Here it appears the 2 Vector dot product is actually faster. The “Templated Dot Product” is just Mark Harris’ Optimizing Parallel Reduction in CUDA with two vectors. The other dot product is a simple loop which performs a single sum per thread, reducing the vector in half per accumulation iteration. The Product Kernel then Templated Reduce tries to perform an element-wise multiplication followed by the templated reduce. It’s odd that that’s slower in my opinion, but whatever.
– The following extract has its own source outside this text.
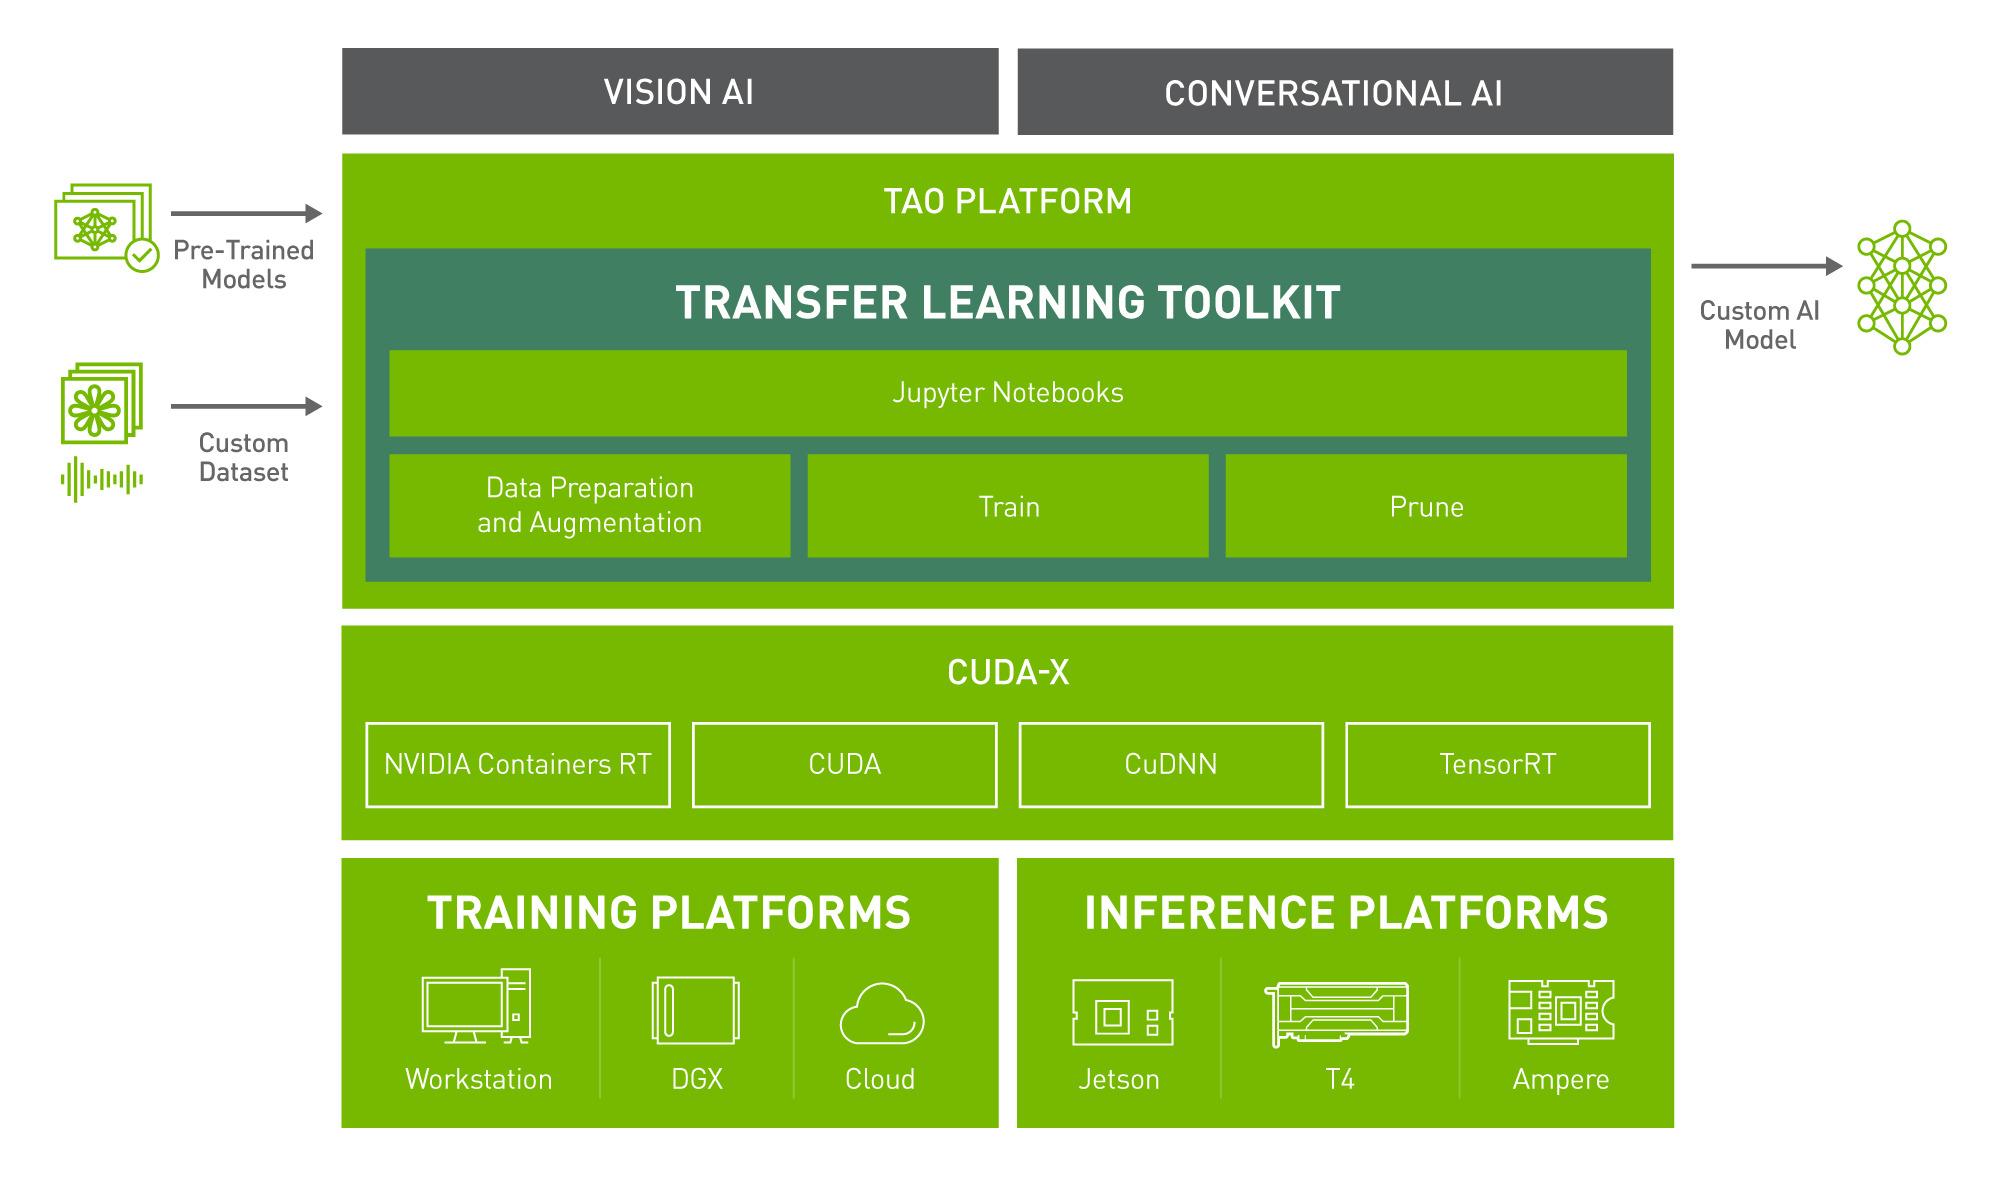 NVIDIA TAO Transfer Learning Toolkit

Also interesting to note is that Eigen is lazy; I had to print the values of the dot products at the end and then remove that last field when analyzing the data just to get the timings right.
Conclusion
My main conclusion was that once you get to vectors at or above lengths of 100,000, CUDA is an excellent choice for matrix math. Below that though you can stick to libraries like Eigen which optimize code very very well. There’s lots of different optimizations you can do, but the main thing is optimizing memory bandwidth and distributing enough work across all of the multiprocessors.